Because i am NOT interested in writing what people want to hear, I write what i need to say. I WRITE to save myself some sanity.
Does it not freak me out that people READ what i write?
NO! It confuses me as to be honest i WHINE and RANT about my life and health, an i do it HERE because nobody in the real world would listen. And NO i do not feel stalked, trolled in anyway.
So i suppose I am trying to explain WHY i BLOG…and who gives a toss whether i do or don’t?
Why do i blog?
I was NOT good at english at school
RELATIVELY not good.
i was good at analytical essays,
but CREATIVE writing?
definitely not me.
i was a quiet, odd child
nowadays i may be labelled as having aspergers
in those days i used to seek solace in practicing piano…
particularly hours of harmonic minor scales…
but that inner nerd took me through a lot of my life!
now am older
bruised and tarnished and scarred by life.
but wiser .
i KNOW where my voice is.
i USE it.
so why do i BLOG?
in fact what do i blog?
or WHY do i feel I am important enough to write a BLOG?

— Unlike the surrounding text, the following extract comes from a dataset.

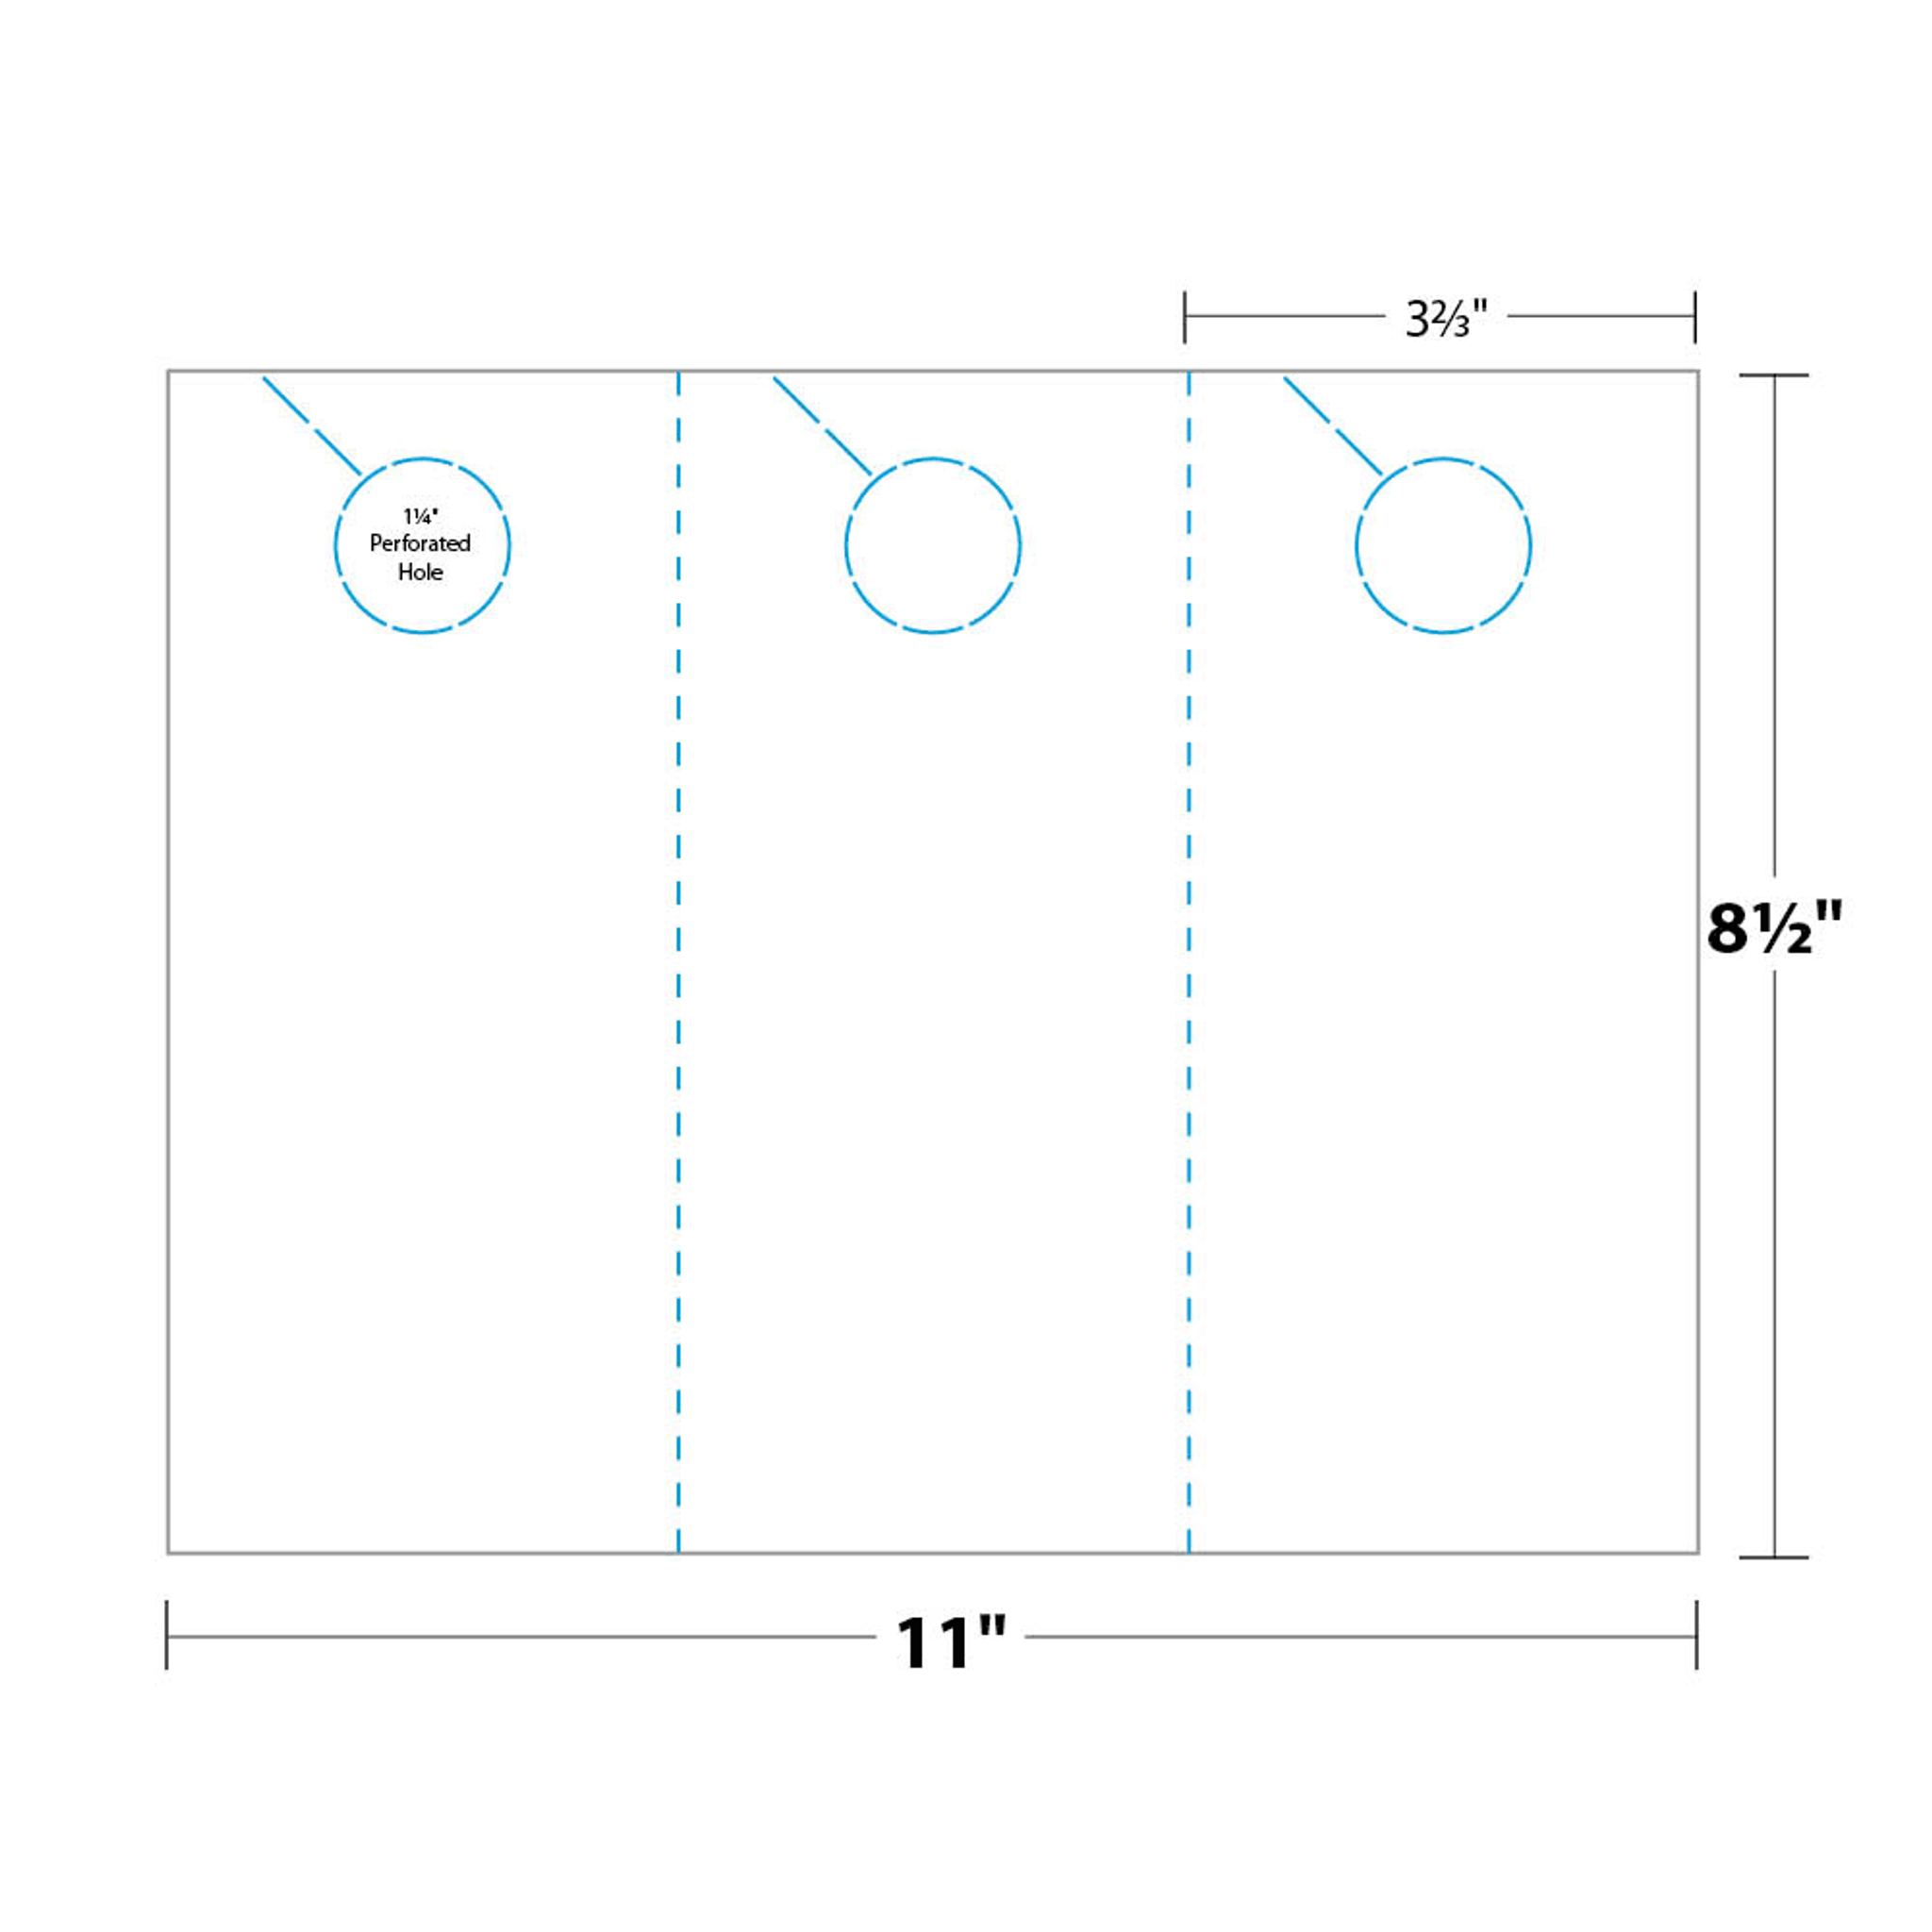 Custom Printable Door Hangers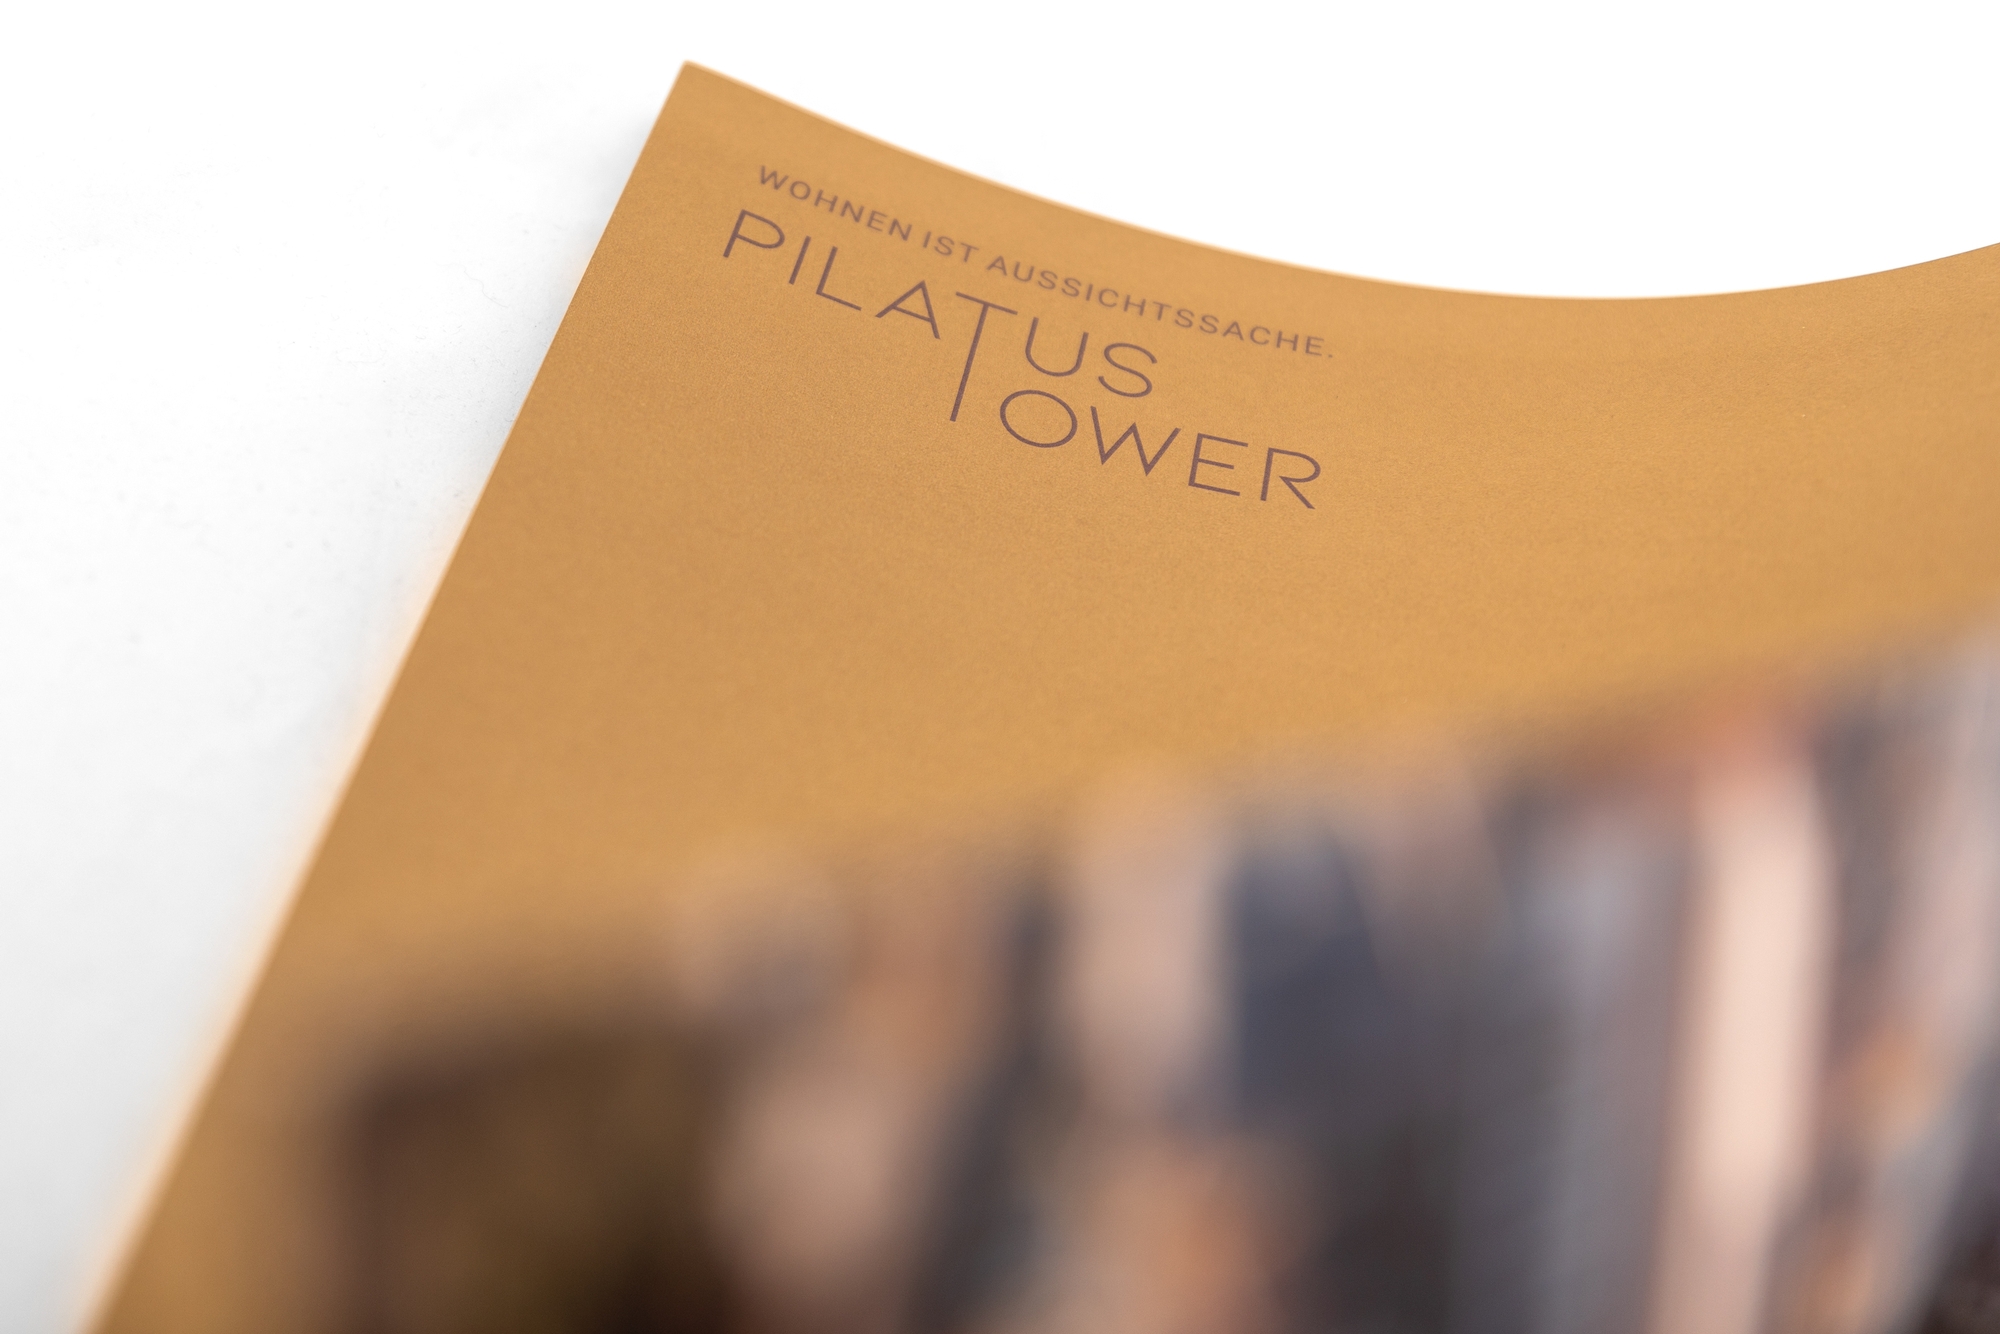 PilatusTower-6

am quite sure they have all been asked by many people including me!
do i see myself on the LateLate Show when my little pages become a bookdeal?
do i hElL!!
my blog is nothing like that
and I am nothing like that.
so first you need understand a BLOG- what is it?
there you go.
But why me?
what do i feel i have to gain by blogging?
my MENTAL Health!
In a nutshell.
i write therefore i think therefore i process therefore in a way i VOICE what is hurting me, confusing me.
i no longer bottle up PAIN.
that was a younger me.
The survivor me has a voice.
it is cathartic for me
it doesn’t change the world or what the world has given me to deal with, but it feels like I am telling someone MY feelings.
if i was American maybe i wouldnt need to blog…I’d pop in, lie down and tell my shrink…WOW i’d love the luxury.
so what do i blog about?
what is happening.
my health, my life, my feelings, my thoughts
but i never lie – that would defeat the purpose!
oh and i NEVER re-read – that would mean i edit , and therefore am writing not for me, but cautiously for someone.
i don’t lie.
i don’t aim to DEFEAT or SHAME others,
i would never do that…
no emails to the papers
no bitching to the town gossips
not my style
i would challenge and speak to people
but my lifestyle is
i tend to stay at home -and write concept of how i am.
in a way it’s ALL ABOUT ME.
but that’s why i bother.
it is to help me.
to remove it from my thoughts and purge it to paper.
Do i worry what people think of it?
NO…am not under any illusion that i am a writer
it’s just me!
mine is not a style so much as a think it and type as you do.
its honest thought
and often how i feel about large bodies like health and education where my inner leftie rises to speak to inform people what i have learned by experience…
maybe at some stage i will feel i don’t need to rant.
but at the minute
blah, blah, blah…
to be continued.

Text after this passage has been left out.